A person’s total resistance in the event of electric shock is calculated as

Rtotal = Rskin(in) + Rinternal + Rskin(out)

Where Rinternal is the resistance of the inside of the body

Rskin(in)= resistance of the part of the body exposed to the live wire.

Rskin(out) = the current that goes in must exit for there to be a complete circuit and hence electrocution.

The electricity has to pass through the victim twice, one as it goes in, and the second time during exit.

Out of all the part of the human body, the hand has the highest resistance, with the mouth the lowest. You easily feel more pain in the mouth than the hand if electricity is made to pass through both places.

Also, a more calloused hand have a higher resistance as a result of the hardened skin layer. So, armed with a good electrical-resisting work boot, plus a somewhat dry calloused hand of a workman, he was able to pull off the stunt of holding his breath and touching the low voltage wire.

I would love to see him perform the same breath-withholding trick bare feet while standing on a wet floor with a sweaty palm! 🙂 Of course, he won’t be able to withstand the severe electrical shock due to the reduced resistivity of the body while wet and being unprotected by lack of insulating footwear.

There is a different “trick” or technique, I often find experienced electrician make use of; I call it the hand-in-the-pocket rule. The rule is simple, electricians place one hand in their pocket while working on live circuits.

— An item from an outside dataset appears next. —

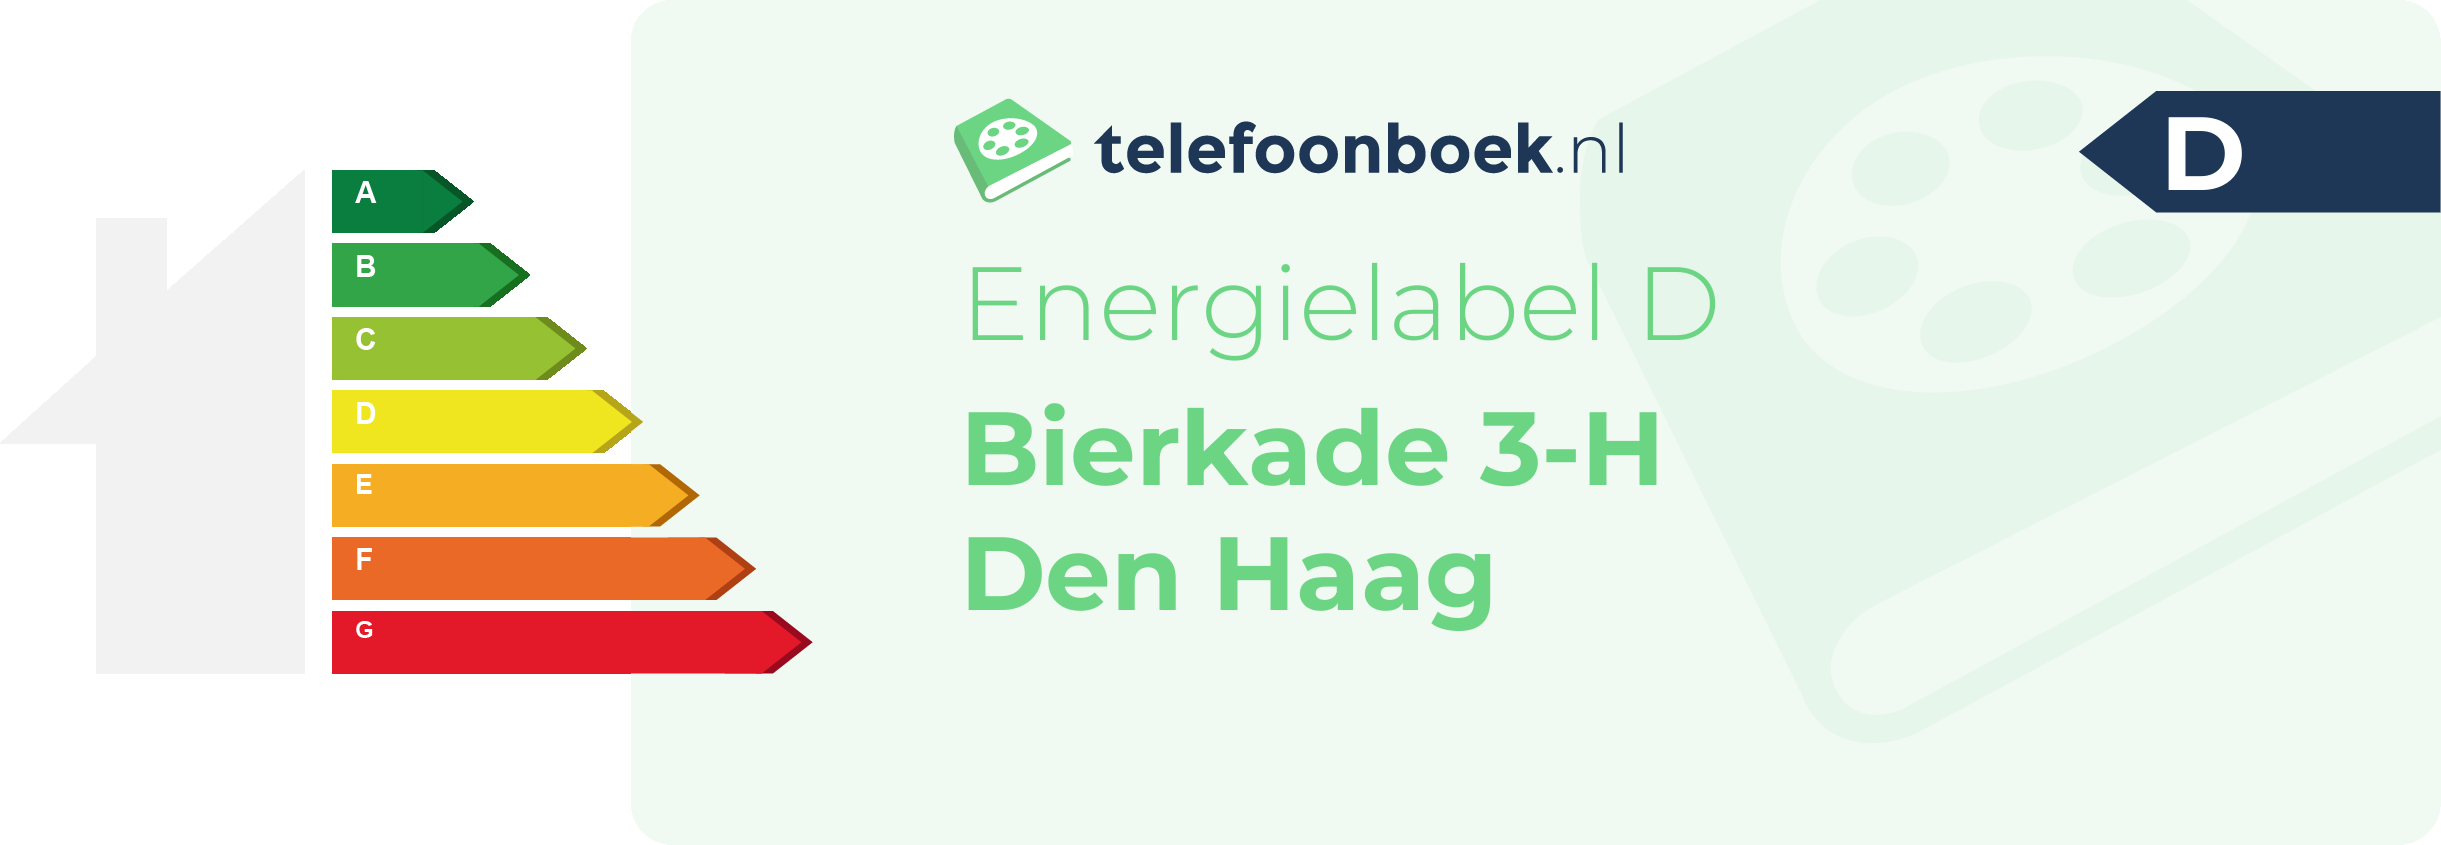 Energielabel Bierkade 3-H Den Haag

First, one hand on a circuit reduces the contact area for electricity to pass in the event of an electric shock. With two hands in contact, the surface increases with a decrease in resistance, thereby increasing the amount of current that will flow in if the body makes contact with an energized circuit.

A 1.5-inch metal pipe, when held in one hand, has a resistance of between 1000 to 3000 ohms present at the dry condition. The same resistance reduces to between 500 to 1500 ohms when the hand is wet.


If the same metal is held with two hands, the resistance will half, i.e. will be about 500 to 1500 ohms with a dry hand and 250 to 750 under wet condition. The two hands will act as resistance in parallel:

Rparallel = (R1R2)/(R1+R2)

That is, the total resistance will reduce leading to more current to flow through.

Apart from this obvious fact, there is the critical detail of the path the electricity will flow. With the one-handed approach, it is always preferable that the right hand is put to work with the left in the pocket, a condition that favours the right-handed.

The reason is that the heart, which is situated on the left side of the body is free from the path the current will take. It could be fatal if the path the current takes is via the heart area. So the fatality and severity are reduced by this approach, but normal electrical safety rules require that we do not work on live equipment or device, but in most circumstances, the circumstances may not allow for total shut down of the whole appliance.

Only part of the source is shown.